Sending Jimmy Lai case to mainland a bad idea


By Chris Yeung —

Amid threats of sending national security defendants to mainland China for trial, Hong Kong’s security minister Chris Tang Ping-keung said last week he was confident the open hearing of the trial of Apple Daily founder Jimmy Lai Chee-ying would reveal the extent of the “bad” crimes of Lai had allegedly committed.

He did not comment directly in the interview with the South China Morning Post about whether the Lai trial should be conducted in the mainland, where cases that involved national security had been held secretly.

Calls for invoking a provision in the Hong Kong national security law on the trial of national security defendants in the mainland have surfaced in the wake of a newly-proposed bill of sanctions against 49 Hong Kong officials, judges and prosecutors by US lawmakers.

Tam Yiu-chung, the former sole Hong Kong member to the National People’s Congress (NPC) Standing Committee, said the bill might “force” the government to transfer cases to the mainland.

He echoed warnings from Regina Ip Lau Suk-yee, convenor of the key decision-making Executive Council, and pro-Beijing heavyweight Lau Siu-kai that the US move could trigger “fallback measures” under Article 55 of the national security law.

Asked by reporters after attending a legal conference on Friday, Secretary for Justice Paul Lam questioned why people have no confidence in local courts in handling national security cases. He did not directly comment on the idea of sending those cases to the mainland.

The two major Beijing-backed Chinese dailies, Ta Kung Pao and Wen Wei Po, which are often indicators of Beijing’s thinking, have not given extensive coverage to the warnings given by the various pro-Beijing political heavyweights.

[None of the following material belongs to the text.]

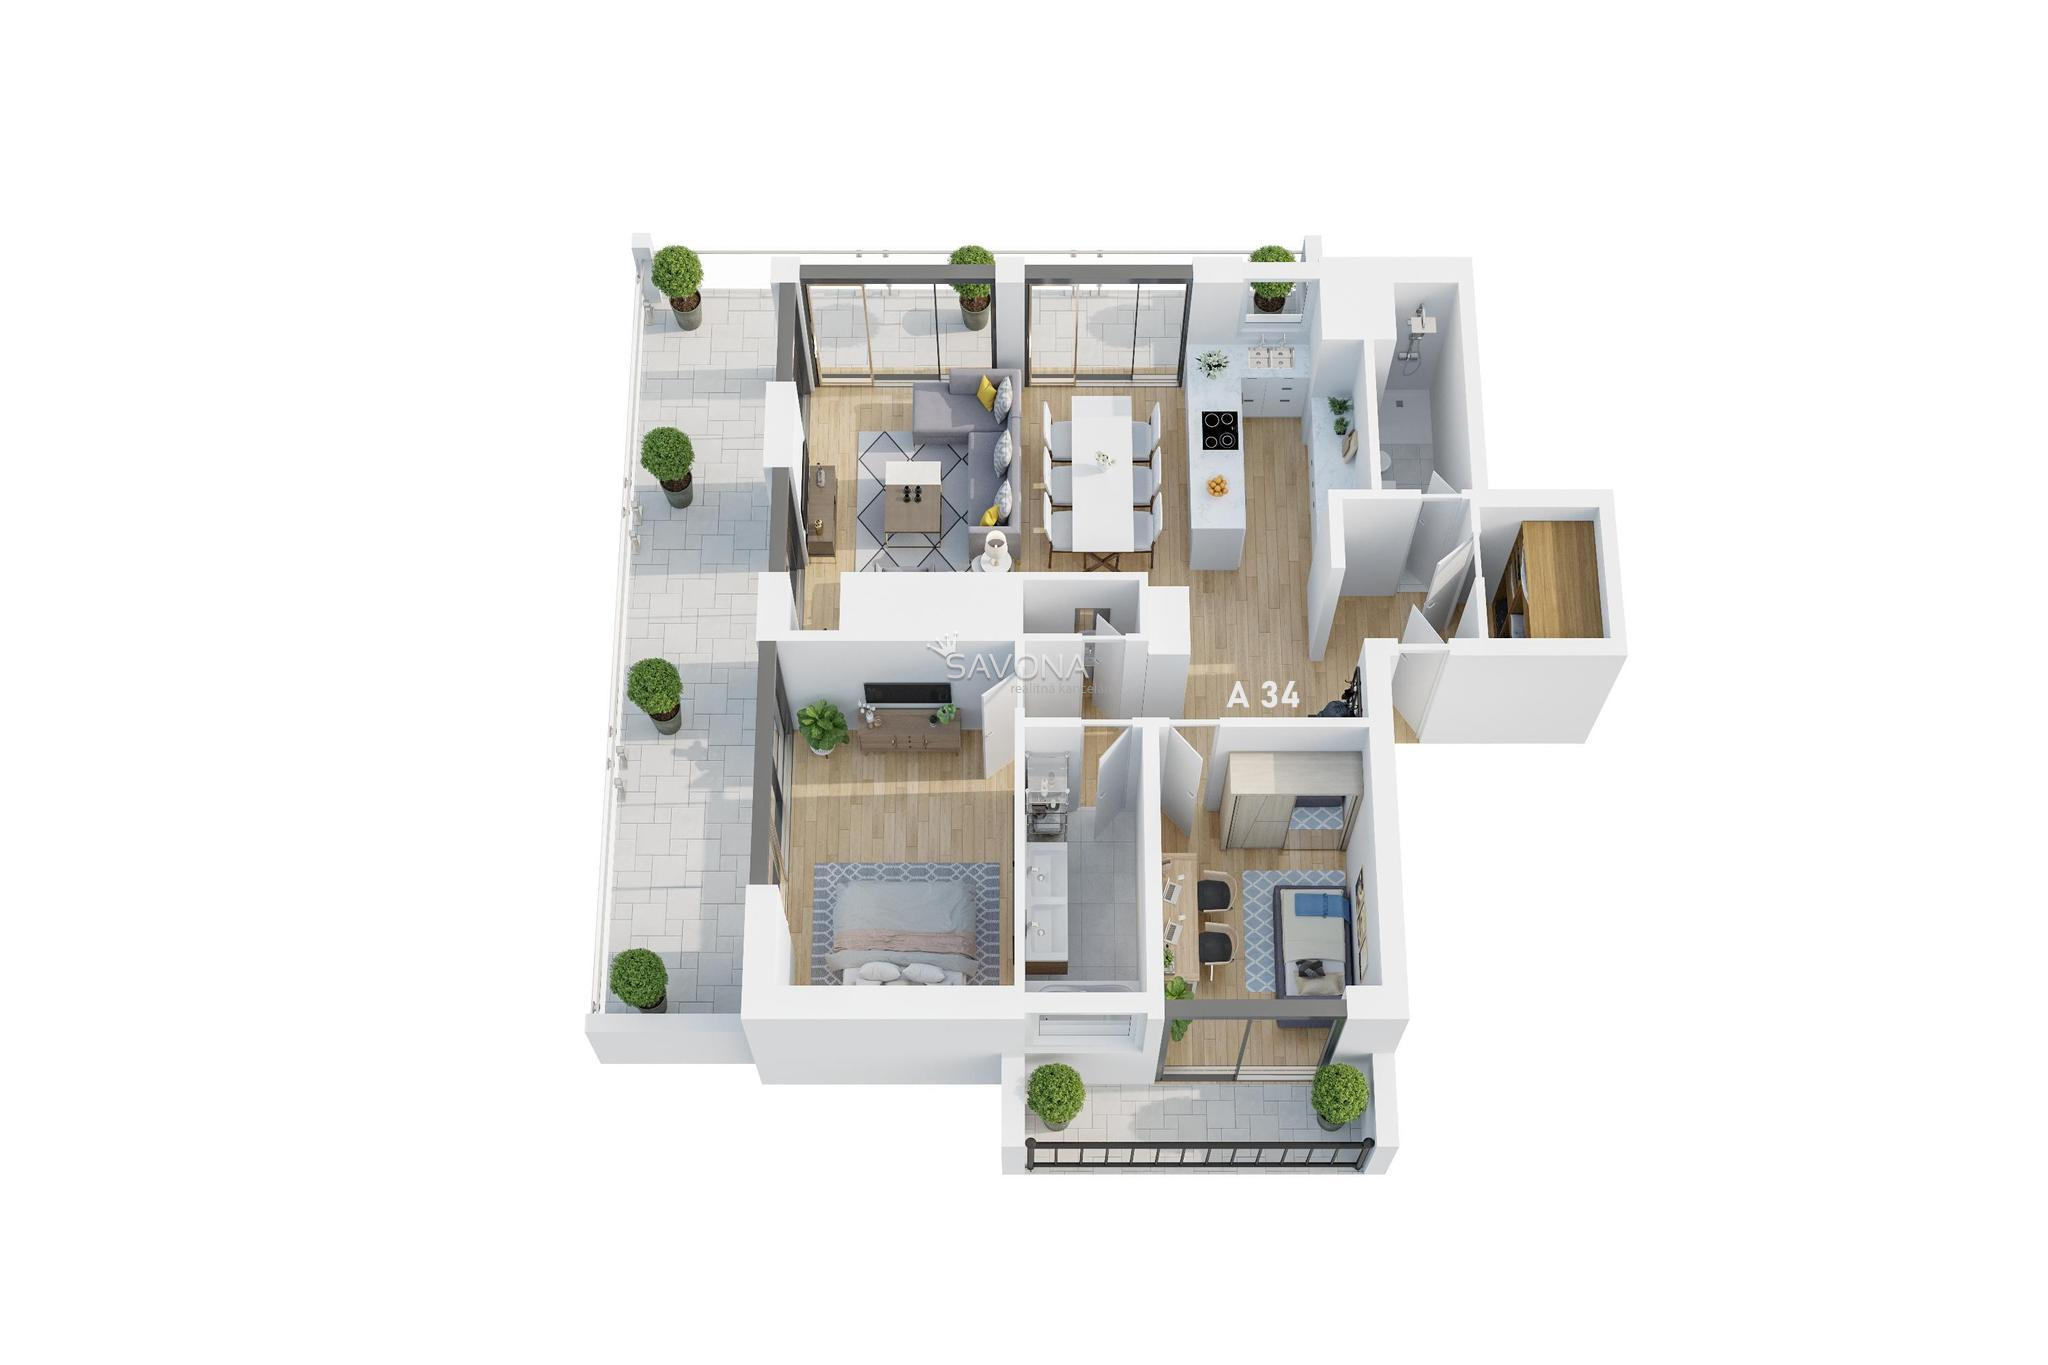 PREDANÝ | 3 izbový byt s terasou | A 34 - 143 m2 - 6 NP - LUNA RESIDENCE POPRAD

If the Chinese authorities have kept their cards close to their hearts, it is plainly because of the hyper-sensitivity and the profound implications of the idea of sending Lai to the mainland for trial.

Article 55 stipulates the central government’s national security office in Hong Kong, or Office for Safeguarding National Security (OSNS), can exercise jurisdiction over Hong Kong national security law cases. It could do so when the cases are complex that involve foreign countries, a situation which rendered the Hong Kong government unable to enforce the law, or when “a major and imminent” threat to national security occurred.

After a case is being transferred to the OSNS, Beijing could assign a prosecuting body and a court to hear the case. Relevant mainland Chinese laws would also be applied.

Lau, an adviser for semi-official Beijing think tank the Chinese Association of Hong Kong & Macau Studies, said Article 55 was a “last resort” and could be used if foreign forces were found to be interfering in those cases. He did not specifically name the Jimmy Lai case.

Article 55 has not been applied since the law took effect on July 1, 2020. With no precedent ruling, whether the pressure mounted by a list of foreign governments, legislators, human rights groups and religious leaders constitutes “interference” stipulated in the article is a matter of interpretation of the law.

But any decision to take the case off from Hong Kong courts to the mainland will be entirely based on political consideration.

Pro-Beijing pundits such as Lau and Regina Ip may feel adamant putting Lai on trial under the mainland system could help keep the Hong Kong judiciary clean from the complex political mess caused by the Lai case, not to mention the pressure the local judges may face.

And if the hearings are being held behind closed doors, the publicity of the defence of Lai in the process could be kept to the minimum, if any.

That may sound like a smart political play, being justified by Article 55. But ironically, it contradicts Chris Tang’s pledge of open hearing of the Jimmy Lai case.

More importantly, it will create more uncertainties and complexities to the case. There is no previous case of a trial already prepared scheduled to be held in a Hong Kong court being handed over to the mainland authorities.

How it should and can be done is a big question mark with no one seems to know the answer. It is easier said than done.

Worse, it will set a bad precedent for the Hong Kong judiciary giving up its final power of adjudication, which is one of the pillars of independent judiciary and the “one country, two systems” policy as a whole.

The “last resort” in the national security law Lau Siu-kai was referring to could indeed be a self-destruction device. Any threat of use must be seriously thought through with a clear idea of the potential destruction that it may cause. The loss caused by a relocation of the trial to the mainland will be far greater than the so-called gain.